Nous allons y suivre dans un équivalent imaginaire de Hollywood, les rêves, les doutes et l’ascension de Gene, passant d’assistant à réalisateur pour sa productrice Pompo. Le défaut majeur du film réside dans les facilités destinées à rendre le film accessible à tous. Le chara-design, fidèle au manga, est des plus conventionnels et ne fait ressortir la personnalité des protagonistes que de façon grossièrement signifiante (Gene cinéphile passionné, forcément ahuri et des poches sous les yeux) quand il ne cède pas au kawaii ou le fan-service le plus facile. De même, si la construction du film suit plutôt fidèlement les étapes de la fabrication d’un film (écriture, préparation, tournage, montage, financement, reshoots), les difficultés et doutes rencontrés obéissent à des codes shonen dans ce qu’ils ont de plus basique, véhiculant une émotion assez fabriquée.

Le réalisateur Hirao Takayuki a fait ses débuts en travaillant aux côtés de Kon Satoshi sur Millennium Actress et la série Paranoïa Agent, et a récemment brillé en réalisant des épisodes de la série Spy x Family. C’est précisément le mélange de proximité ordinaire et de virtuosité extraordinaire de cette dernière qui fait le sel de Pompo The Cinephile. Le réalisateur s’extirpe des schémas balisés dès lors qu’il peut transmettre par la seule mise en scène la passion des personnages pour leur art. La première expérience de montage de Gene sur une bande-annonce exprime par une symbolique flamboyante l’exaltation de celui-ci, marionnettiste maniant des fils de pellicule pour assembler à sa guise les images qui happeront le public. L’abnégation de l’aspirante actrice Natalie fait l’objet d’un tourbillonnant flashback construisant une dynamique chargée d’espoir avec le présent, tandis que le rapport ambivalent de Pompo (entre passion artistique et velléités commerciales) fait également l’objet d’échos très réussis jusqu’à la touchante conclusion.

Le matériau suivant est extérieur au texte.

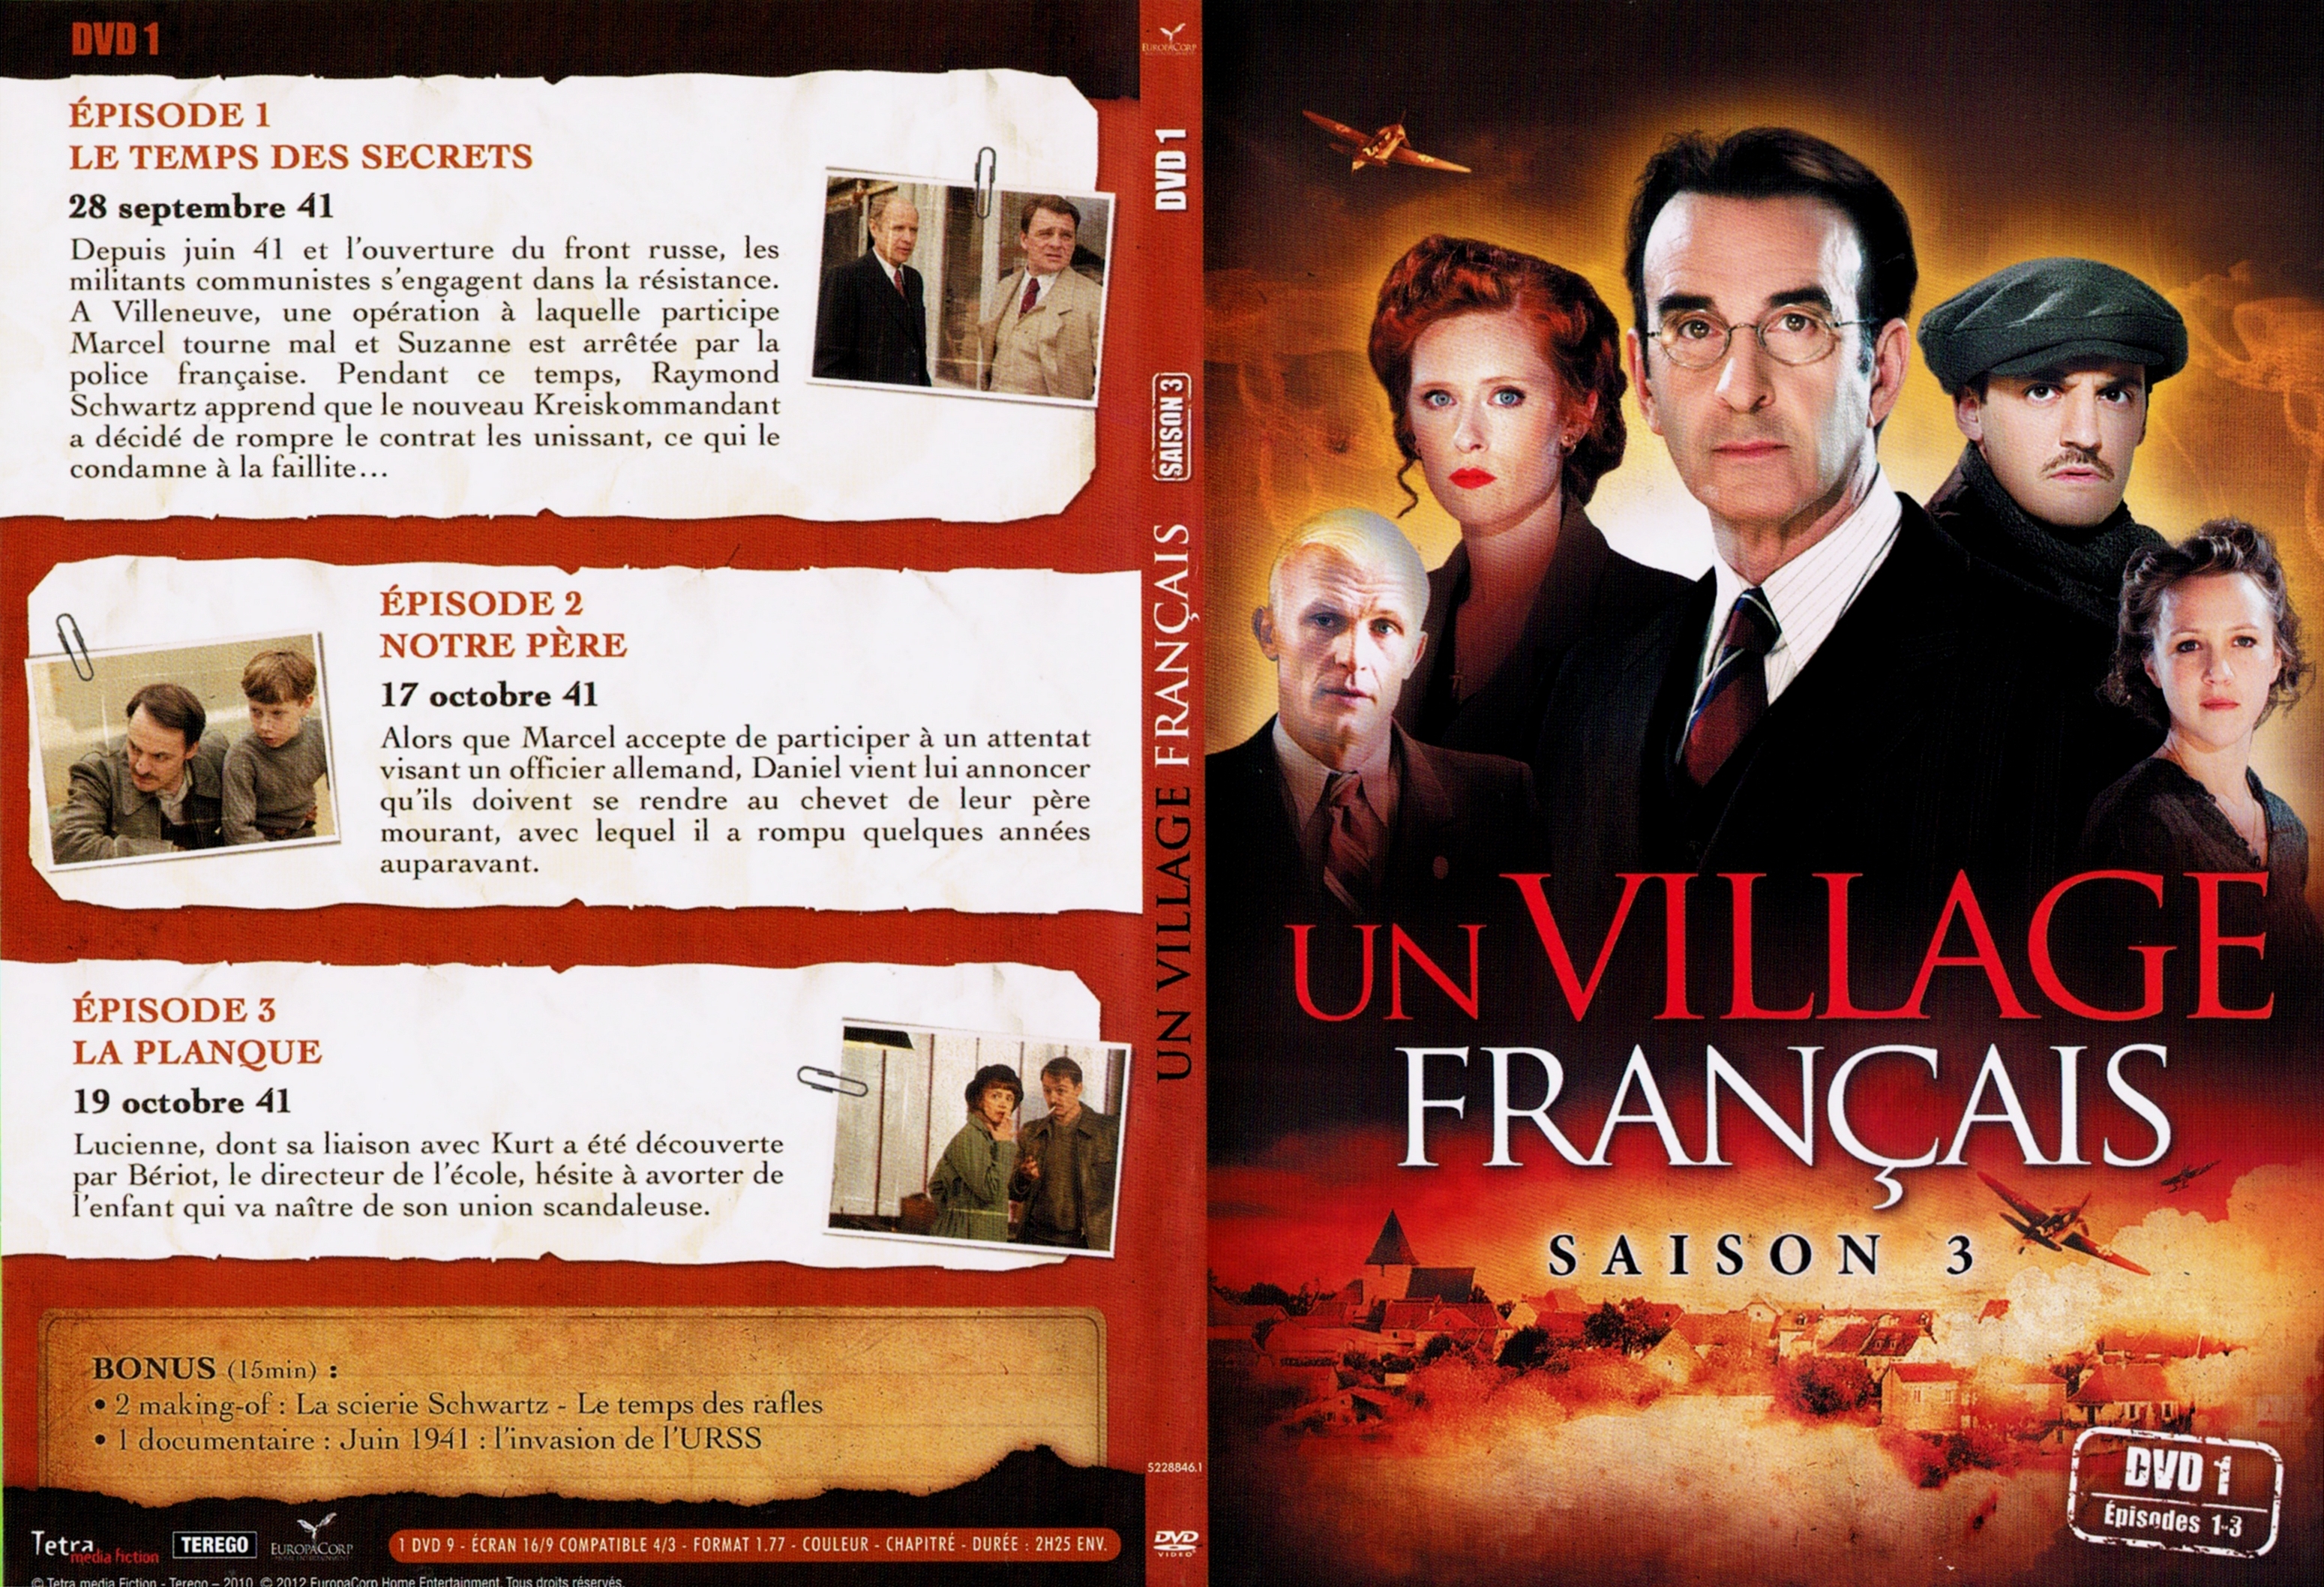 Jaquette DVD Un village francais Saison 3 DVD 1

Le geste collectif que constitue un tournage est bien amené aussi dans des séquences assez irrésistibles d’efficacité narrative, posant tous les impondérables (logistiques, météorologiques) auxquels doit répondre une production. Tout cela est bien sûr idéalisé (pas d’ego, de rivalité ou de malveillance) mais rendu tangible et formellement réussi (l’éclaircie venant après le tournage pluvieux improvisé) par Hirao Takayuki. En dépit des facilité inhérentes à sa cible jeune public, Pompo The Cinephile est néanmoins une initiation attachante aux coulisses du monde du cinéma pour celui-ci, ponctué de jolis clins d’œil pour les plus âgés – Cinéma Paradiso de Giuseppe Tornatore.

Justin Kwedi

Pompo the Cinephile de Hirao Takayuki. Japon. 2021. En salles le 03/07/2024.